Saudis: No need to do anything yet
The other elephant in the room is Saudi Arabia. The kingdom has indicated it's willing to boost output — if necessary.
"We will not leave our customers scrambling not finding the oil they need," Khalid Al-Falih, the Saudi energy minister, said on Wednesday from a conference in Riyadh.
However, Al-Falih also noted that oil inventories are continuing to rise despite the Venezuela and Iran sanctions.
"I don't see the need to do anything immediately," he said.
Saudi Arabia and the United Arab Emirates have enough additional supply on tap to make up the hole left by Iran, according to analysts at JBC Energy.
But Saudi Arabia has been cutting, not growing, production. The kingdom took the brunt of sharp output cuts that OPEC and its allies agreed to late last year.
OPEC could act, eventually
FGE estimated that collectively OPEC and its allies need to raise output by 1.2 million to 1.4 million barrels in the third quarter to prevent "heavy" declines in global inventories.
OPEC and its allies meet in June in Vienna to decide next steps.
Saudi Arabia is currently producing 9.9 million barrels of oil per day, which is below its own target.

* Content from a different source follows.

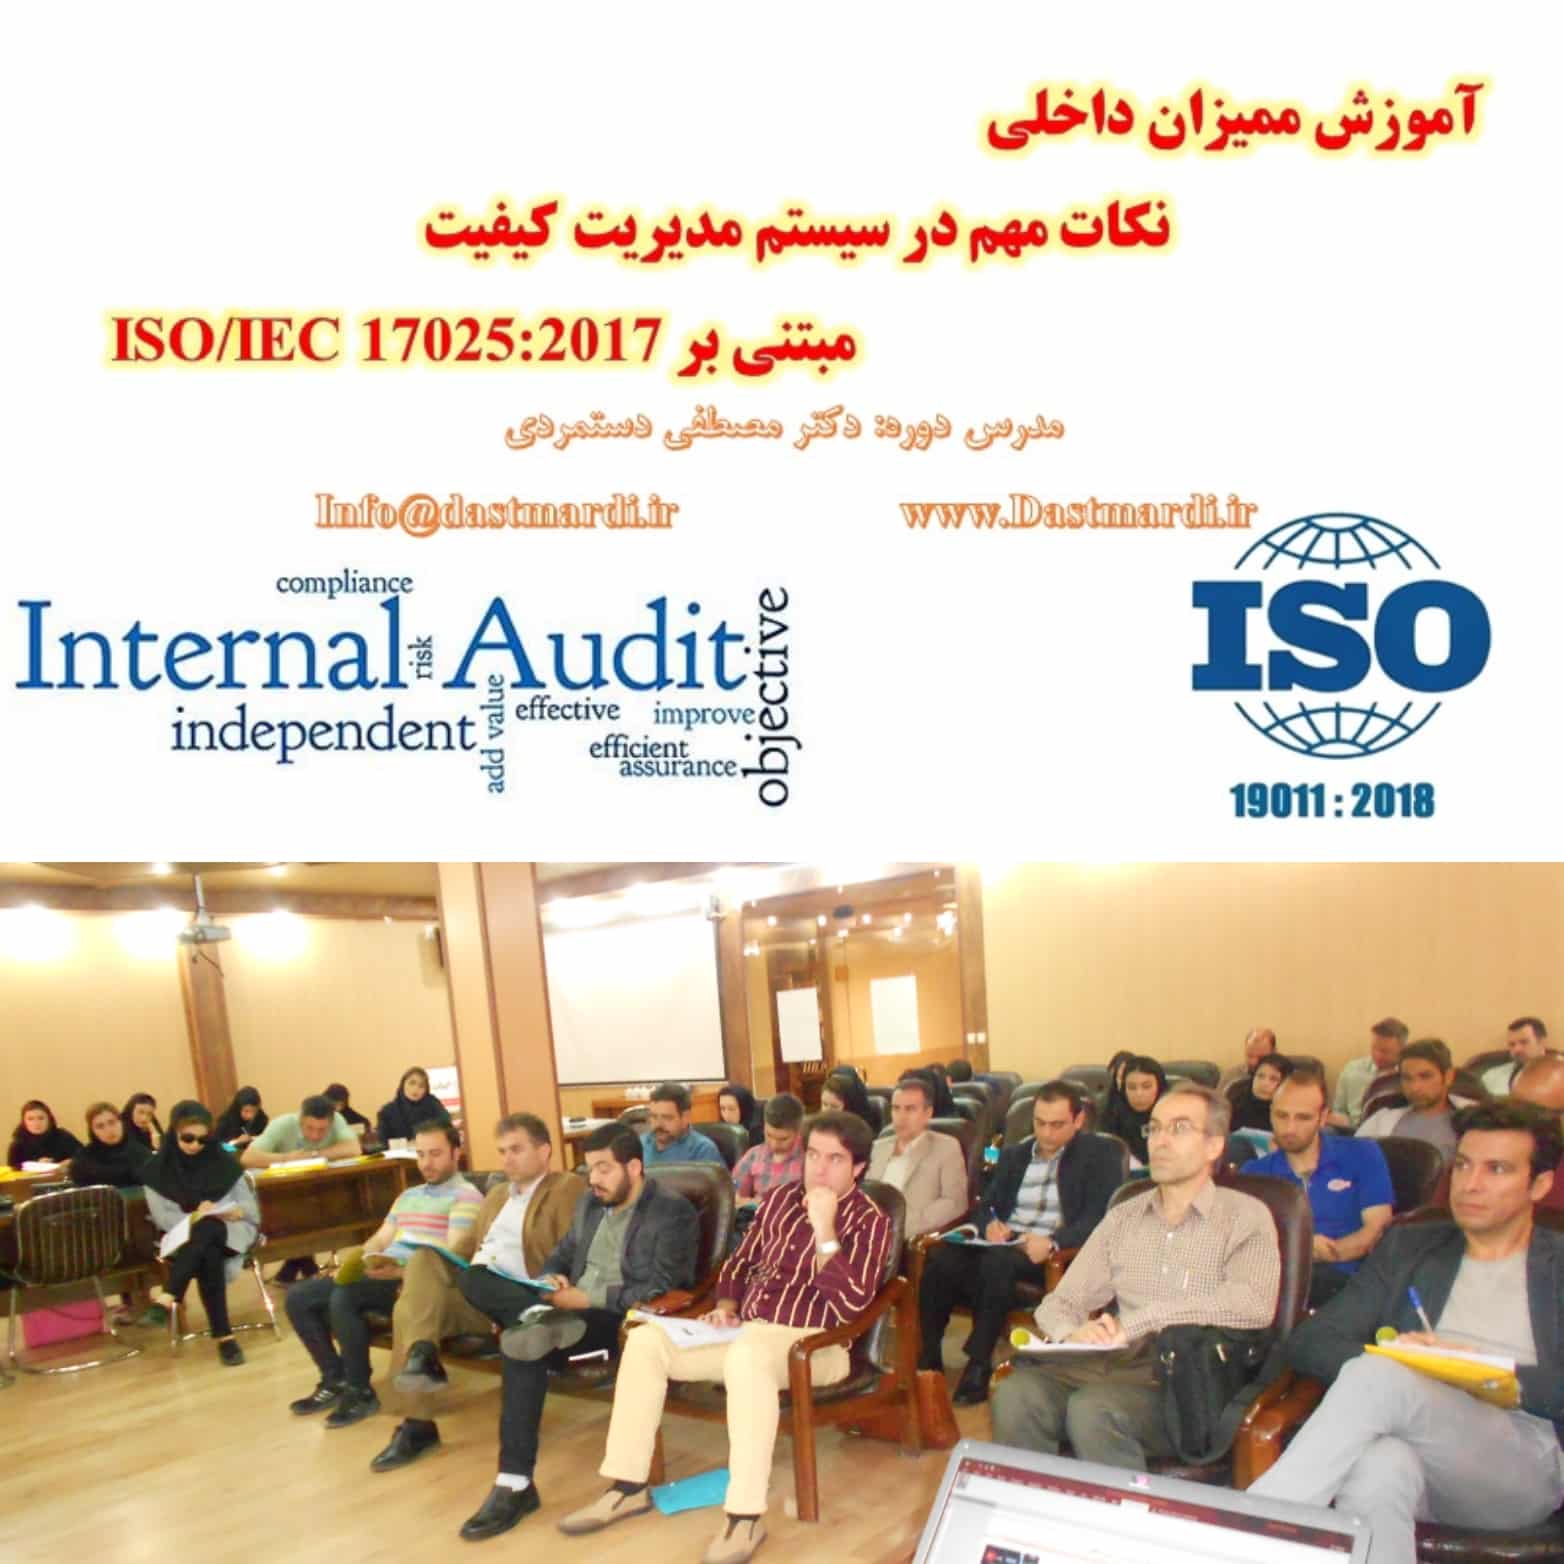 IMG 20190517 065418 برگزاری دوره آموزشی ممیزی داخلی مراکز آزمایشگاهی مبتنی بر استاندارد ISO/IEC 17025:2017 در اداره استاندارد استان زنجان

FGE estimates it will bring its output up by 400,000 barrels to meet that target.
But the Saudis are snake-bitten. The kingdom ramped up production to record highs a year ago — only to be surprised when Trump granted Iran sanctions waivers. That left oil markets deeply oversupplied. Prices crashed.
Croft predicted the Saudis will "exercise more caution this time around" by only gradually adding barrels to the market.
Modestly higher prices would help the kingdom meet its vast budget needs. Saudi Arabia has a fiscal breakeven of $88 a barrel, RBC said.
"There remains a fairly wide gap between Washington and Riyadh's price targets," Croft wrote.